MATERIAL SHOWN
——————————

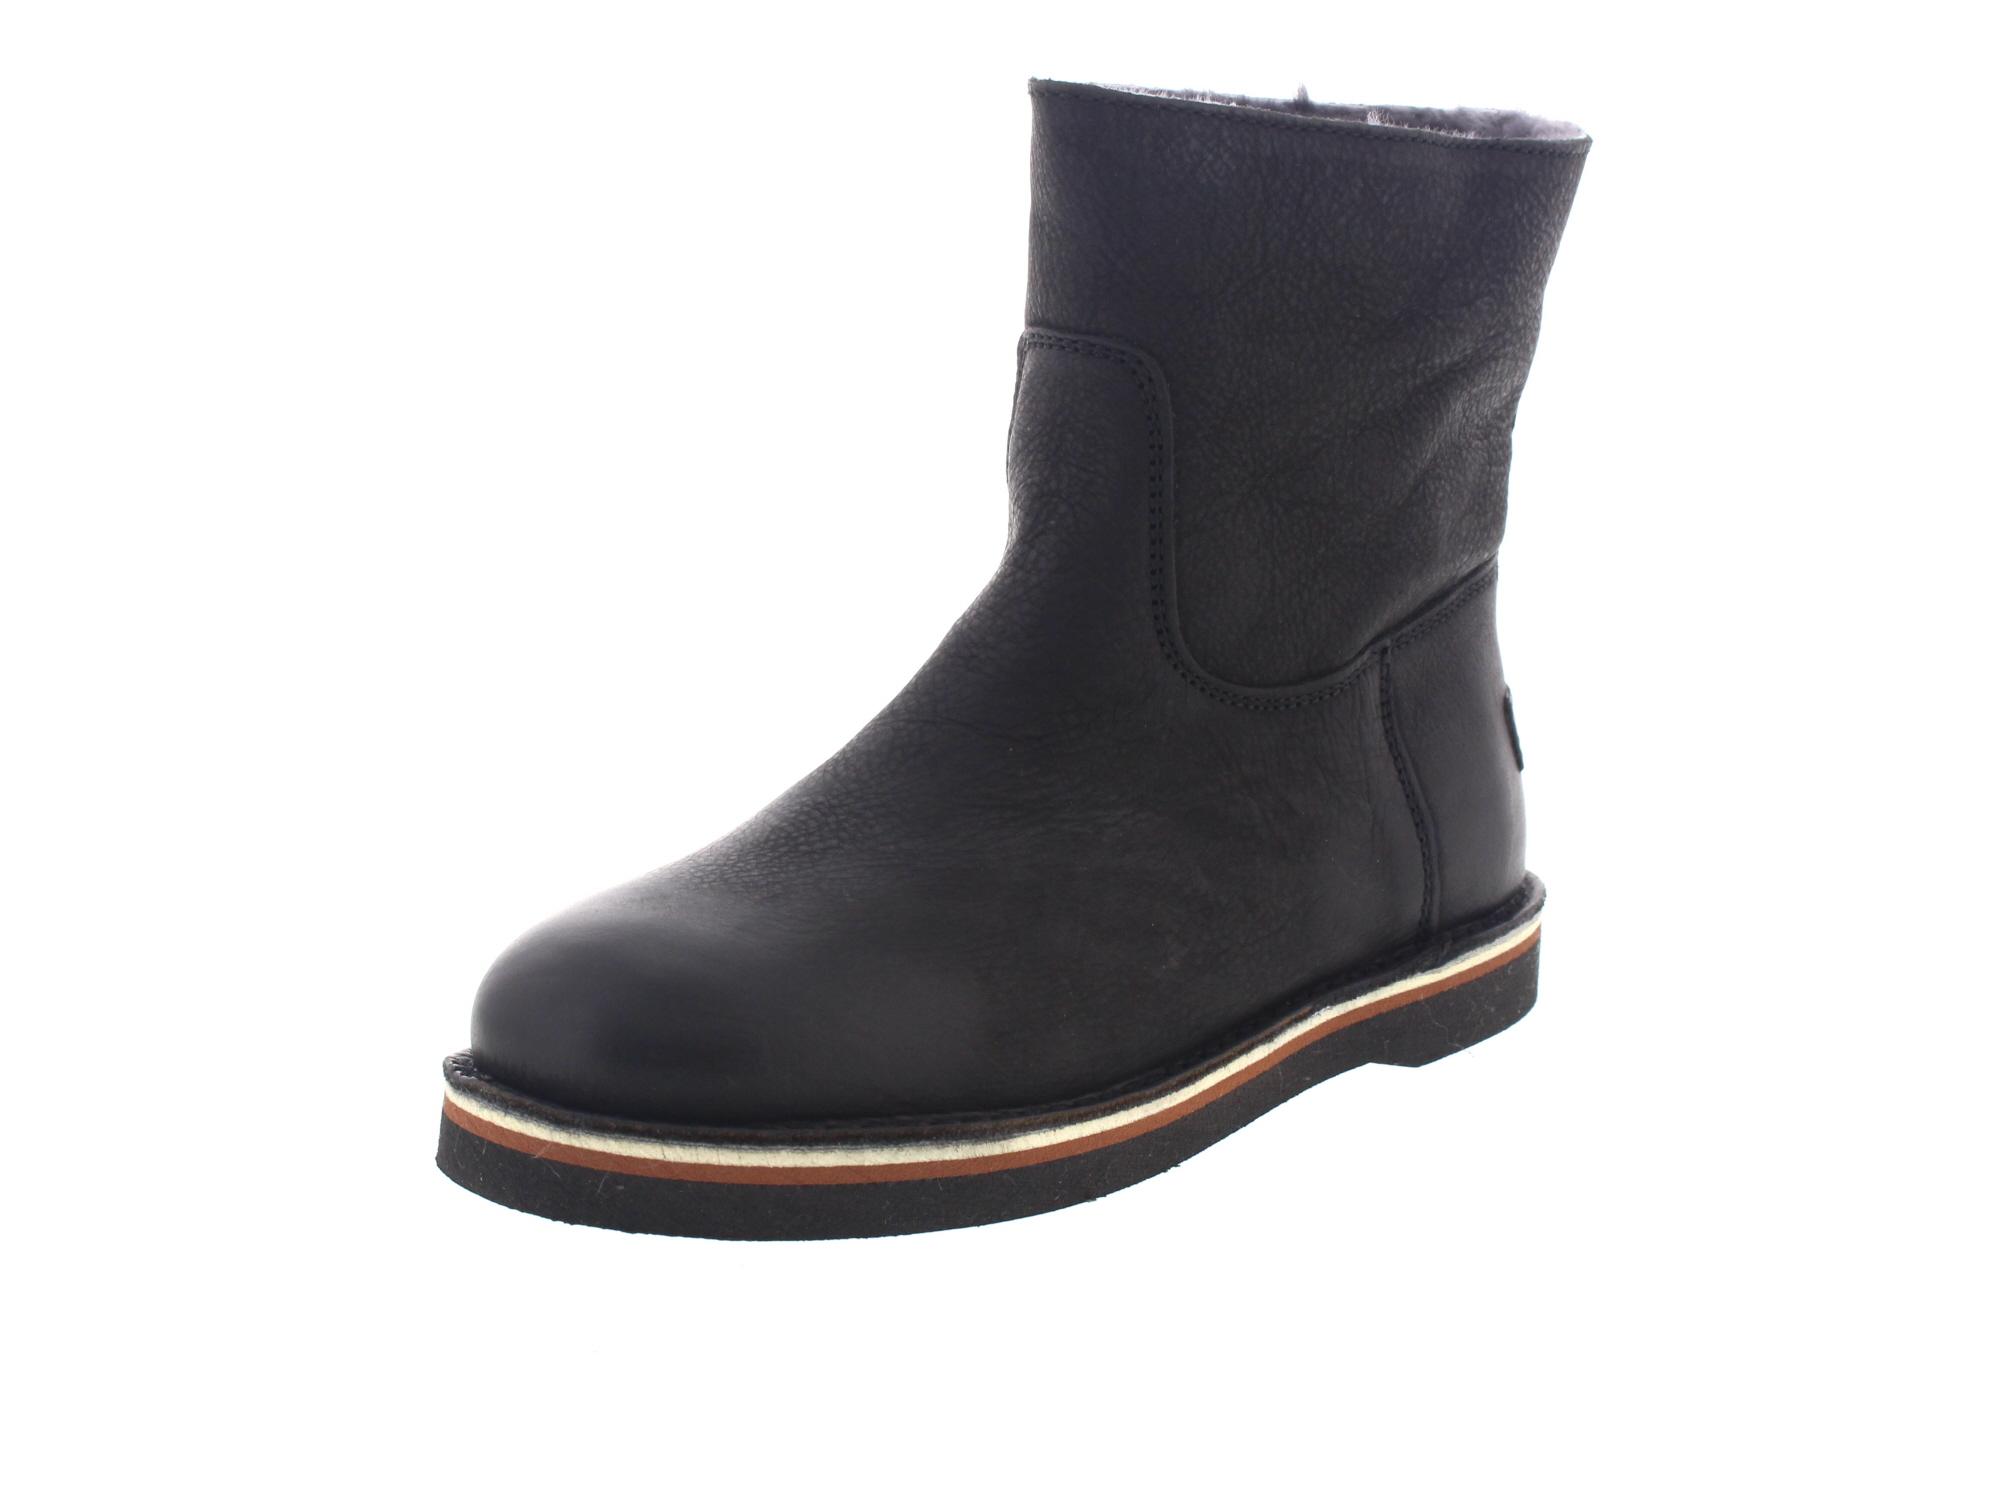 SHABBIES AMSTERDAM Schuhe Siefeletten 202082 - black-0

——————————

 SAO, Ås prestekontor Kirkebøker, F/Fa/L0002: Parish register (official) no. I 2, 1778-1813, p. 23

——————————

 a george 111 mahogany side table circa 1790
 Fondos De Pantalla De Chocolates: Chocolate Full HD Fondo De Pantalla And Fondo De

——————————

WORK ORDER
From the material above, set down exactly the lines starting at the one with "a george 111 mahogany side table circa 1790" and ending at the one with "Fondos De Pantalla", end lines included.

WRITTEN RESPONSE
 a george 111 mahogany side table circa 1790
 Fondos De Pantalla De Chocolates: Chocolate Full HD Fondo De Pantalla And Fondo De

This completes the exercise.